ON CHRISTMAS MORNING I sat at the kitchen table and looked at a photograph in the Daily Iberian of Buford and Karyn dancing together at the country club. They looked like people who would live forever.

Bootsie paused behind me, her palm resting on my shoulder.

"What are you thinking about?" she asked.

"Jerry Joe Plumb. . .No journalist will ever mention his name in association with theirs, but he paid their dues for them. "

"He paid his own, too, Dave."

"Maybe."

The window was open and a balmy wind blew from my neighbor’s pasture and swelled the curtains over the sink. I filled a cup with coffee and hot milk and walked outside in the sunshine. Alafair sat at the redwood picnic table, playing with Tripod in her lap and listening to the tape she had made of the records on Jerry Joe’s jukebox. She flipped Tripod on his back and bounced him gently up and down by pulling his tail while he pushed at her forearm with his paws.

"Thanks for all the presents. It’s a great Christmas, " she said.

"Thanks for everything you gave me, too, " I said.

"Can Tripod have some more eggnog ice cream? "

"Sure."

"Those creeps are gone, aren’t they? "

"Yeah, the worst of the lot are. The rest get it somewhere down the road. We just don’t see it."

I thought perhaps I might have to explain my remarks, but I didn’t. She actually lived through more than I had in her young life, and her comprehension of the world was oftentimes far better than mine.

She went inside the house with Tripod under her arm, then came back out on the step.
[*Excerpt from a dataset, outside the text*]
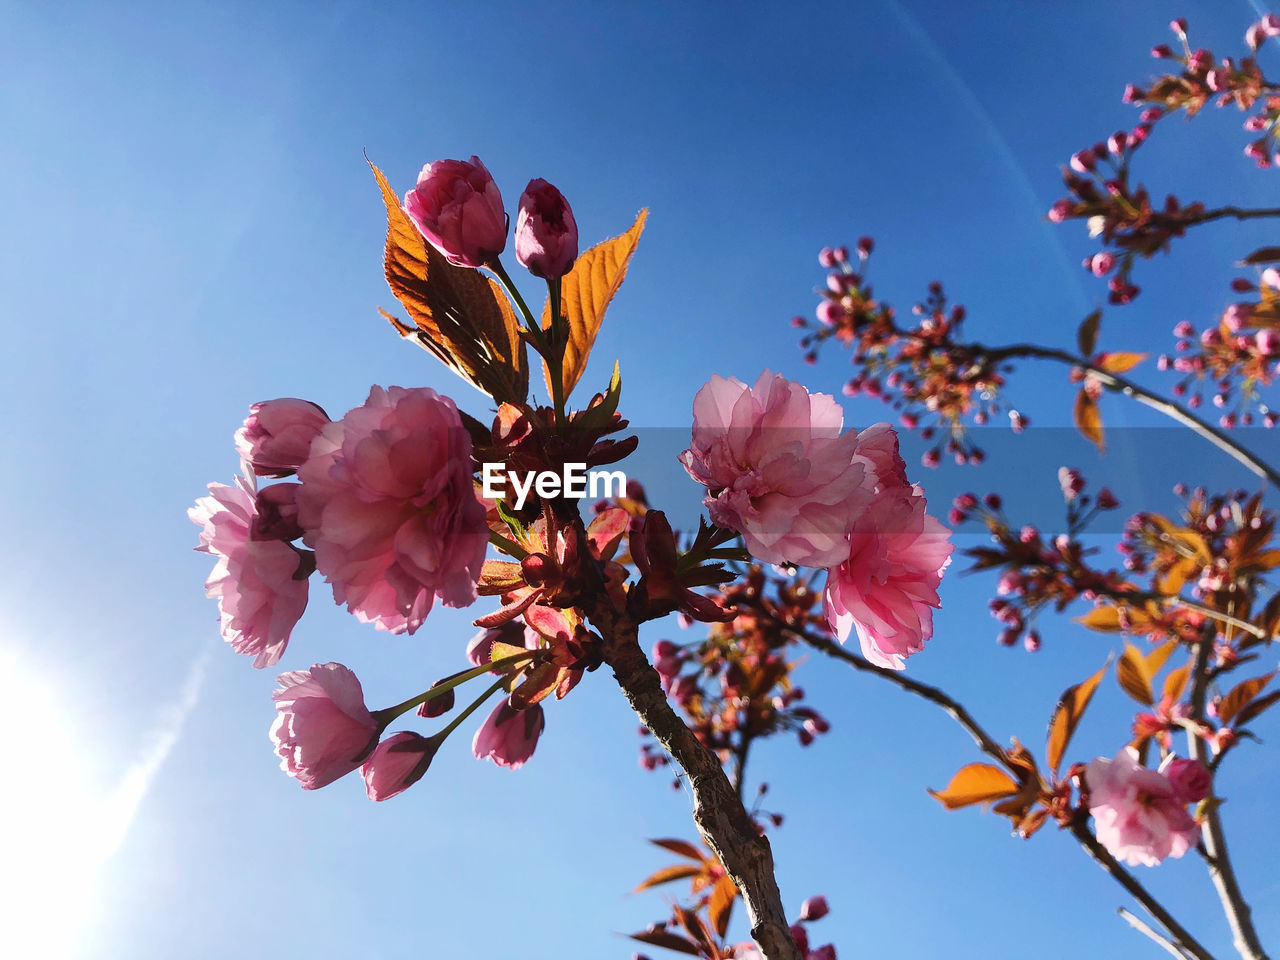 LOW ANGLE VIEW OF PINK CHERRY BLOSSOM AGAINST SKY

"I forgot. We ate it all," she said.

"There’s some in the freezer down at the shop. I’ll get it," I said.

I walked down the slope through the leaves drifting out of the oak and pecan branches overhead. I had strung Christmas lights around the bait shop’s windows and hung wreaths fashioned from pine boughs and holly and red ribbon on the weathered cypress walls, and Alafair had glued a Santa Claus made from satin wrapping paper to the door. The bayou was empty of boats, and the sound of my shoes was so loud on the dock that it echoed off the water and sent a cloud of robins clattering out of the trees.

I had gotten the ice cream from the game freezer and was about to lock up again when I saw Dock Green park a black Lincoln by the boat ramp and walk toward me.

"It’s Christmas. We’re closed," I said.

"LaRose has got my wife up at his house," he said.

"I don’t believe that’s true. Even if it is, she’s a big girl and can make her own choices."

"I can give you that guy, diced and fried."

"Not interested."

"It ain’t right."

He sat down at a spool table and stared out at the bayou. His neck was as stiff as a chunk of sewer pipe. A muscle jumped in his cheek.

"I think you were involved with Jerry Joe’s death. I just can’t prove it. But I don’t have to talk to you, either. So how about getting out of here?" I said.